Le coût par unité de capacité diminue fortement d’une année sur l’autre, principalement parce que les petits modèles atteignent les performances des modèles phares de la veille, et non parce que les tarifs publics des modèles phares s’effondrent. Traitez tout chiffre relatif au “prix dans un an” comme une hypothèse modélisée et vérifiez de nouveau la référence des modèles et des tarifs avant de le citer.
Cela signifie :
- Certaines optimisations perdent de leur importance avec le temps (le coût absolu diminue de toute façon).
- Certaines charges de travail actuellement non rentables deviendront rentables.
- Construisez pour le long terme : une architecture propre vaut mieux que chaque centime économisé aujourd’hui.
Cela dit, l’optimisation reste importante même lorsque les prix baissent. Les systèmes inefficaces gaspillent de l’argent à tous les niveaux tarifaires. L’avantage concurrentiel revient souvent aux équipes qui mènent des opérations efficaces à moindre coût.
Un plan d’optimisation des coûts sur 90 jours
Pour une équipe partant de “nous avons une fonctionnalité d’IA, les coûts sont plus élevés que prévu” :
Semaines 1-2 : Mesurer.
- Instrumenter les coûts de chaque appel.
- Construire des tableaux de bord par fonctionnalité et par utilisateur.
- Identifier les principaux postes de coût.
Semaines 3-4 : Gains rapides.
- Activer la mise en cache des prompts lorsqu’elle est prise en charge.
- Restructurer les 3 principaux prompts afin de maximiser le taux d’accès réussi au cache.
- Définir max_tokens pour tous les appels.
- Implémenter des alertes de budget.
Semaines 5-6 : Routage.
- Identifier les tâches simples actuellement confiées au modèle phare.
- Construire un routeur pour les 3 à 5 points de terminaison les plus sollicités.
- Tester les éventuelles régressions de qualité.
Semaines 7-8 : Sortie et mise en cache.
- Limiter la longueur des sorties qui ne sont pas visibles par l’utilisateur.
- Ajouter un cache de réponses au niveau de l’application pour les requêtes courantes.
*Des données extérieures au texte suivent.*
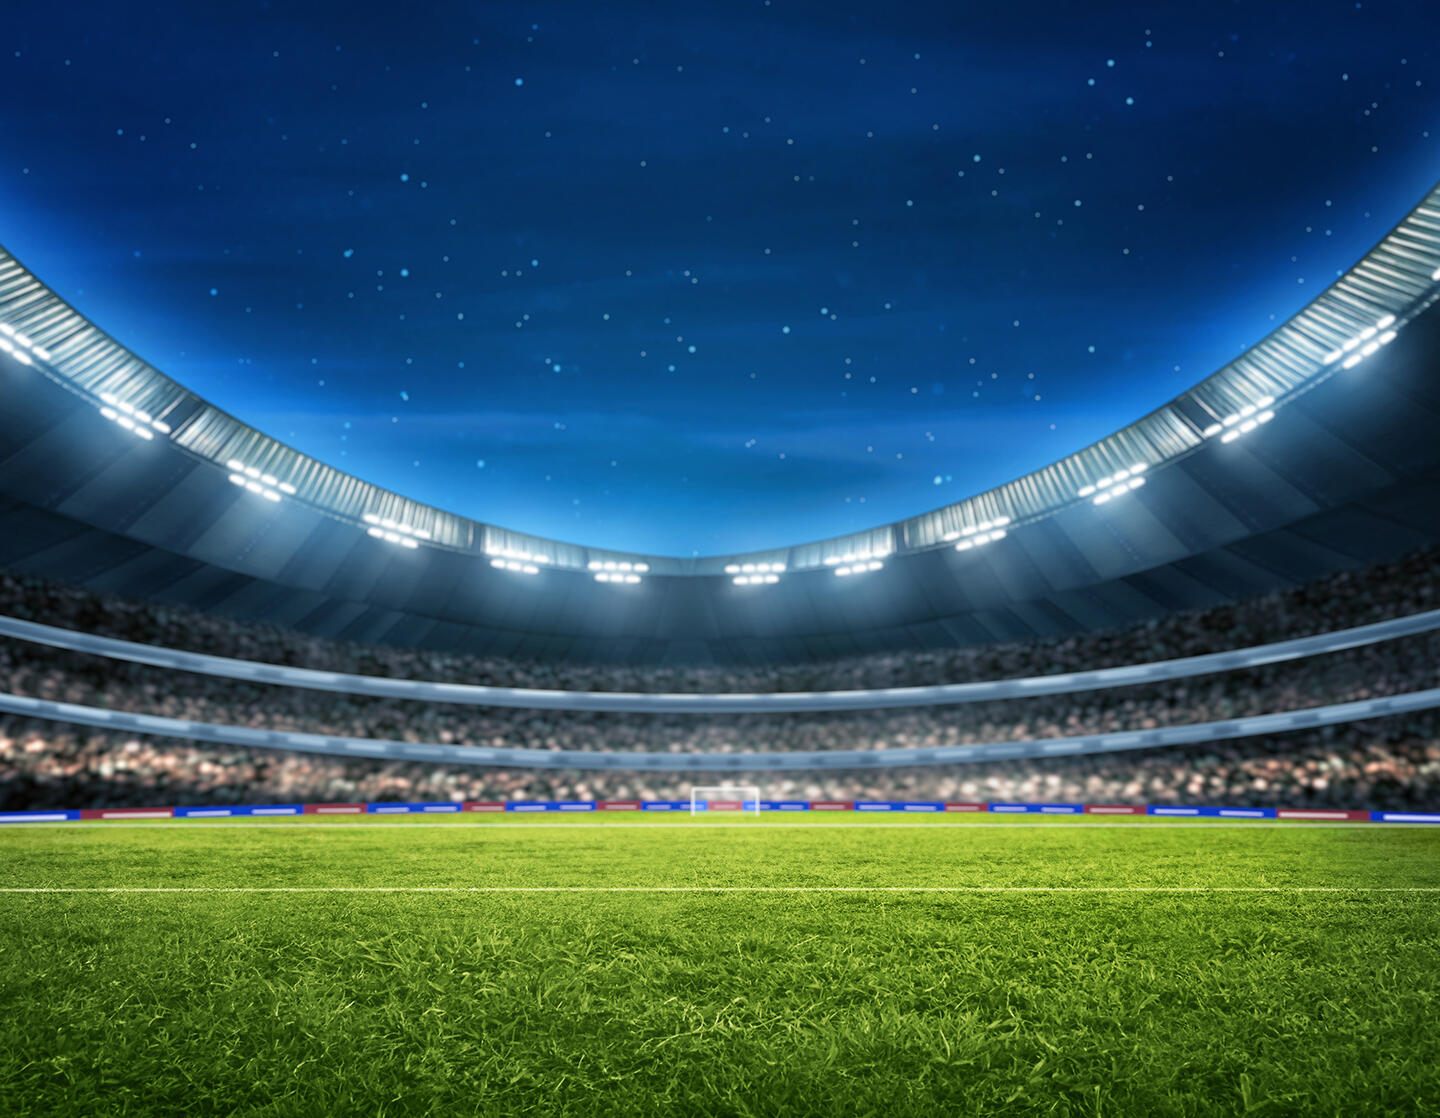 Stade de Bordeaux nachts unter einem Sternenhimmel beleuchtet, mit einem makellosen Rasen, der die Atmosphäre eines Abendspiels suggeriert, in der Nähe des Aparthotels Bordeaux, praktisch für Besucher, die eine Unterkunft in der Nähe des Sportereignisses suchen.

- Ajouter des préfiltres aux processus les plus volumineux.
Semaines 9-10 : Avancé.
- Utiliser les API par lots pour les tâches qui ne sont pas en temps réel.
- Évaluer d’autres fournisseurs.
- Mettre en cache les embeddings et les résultats de récupération.
Semaines 11-12 : Renforcement.
- Mettre en place des garde-fous budgétaires pour chaque fonctionnalité.
- Intégrer les tableaux de bord des coûts aux revues régulières de l’équipe.
- Documenter les modèles applicables aux futures fonctionnalités.
Au terme des 90 jours, une réduction des coûts de 50 à 80 % est réaliste. La qualité est surveillée. La discipline est intégrée.
Mesurez d’abord, puis cumulez les économies
Les coûts des LLM peuvent généralement être réduits de 60 à 90 % sans perte de qualité. Les techniques sont bien connues : mise en cache, routage, contrôle des sorties, traitement par lots, préfiltrage, mise en cache des réponses, sélection des modèles et garde-fous budgétaires.
Appliquée isolément, chaque technique produit une économie modeste. Ensemble, elles se cumulent et produisent des économies spectaculaires.
Les équipes qui réussissent transforment les fonctionnalités d’IA déficitaires en fonctionnalités rentables. Les autres finissent par devoir supprimer des fonctionnalités qui auraient pu être viables.
Mesurez d’abord. Optimisez les principaux postes. Maintenez la surveillance de la qualité. Intégrez la discipline des coûts au travail courant de l’équipe.
Le résultat : des fonctionnalités d’IA qui passent à l’échelle sur le plan économique, et pas seulement technique. C’est ce qui fait de l’IA une composante durable d’un produit, plutôt qu’un simple argument de lancement.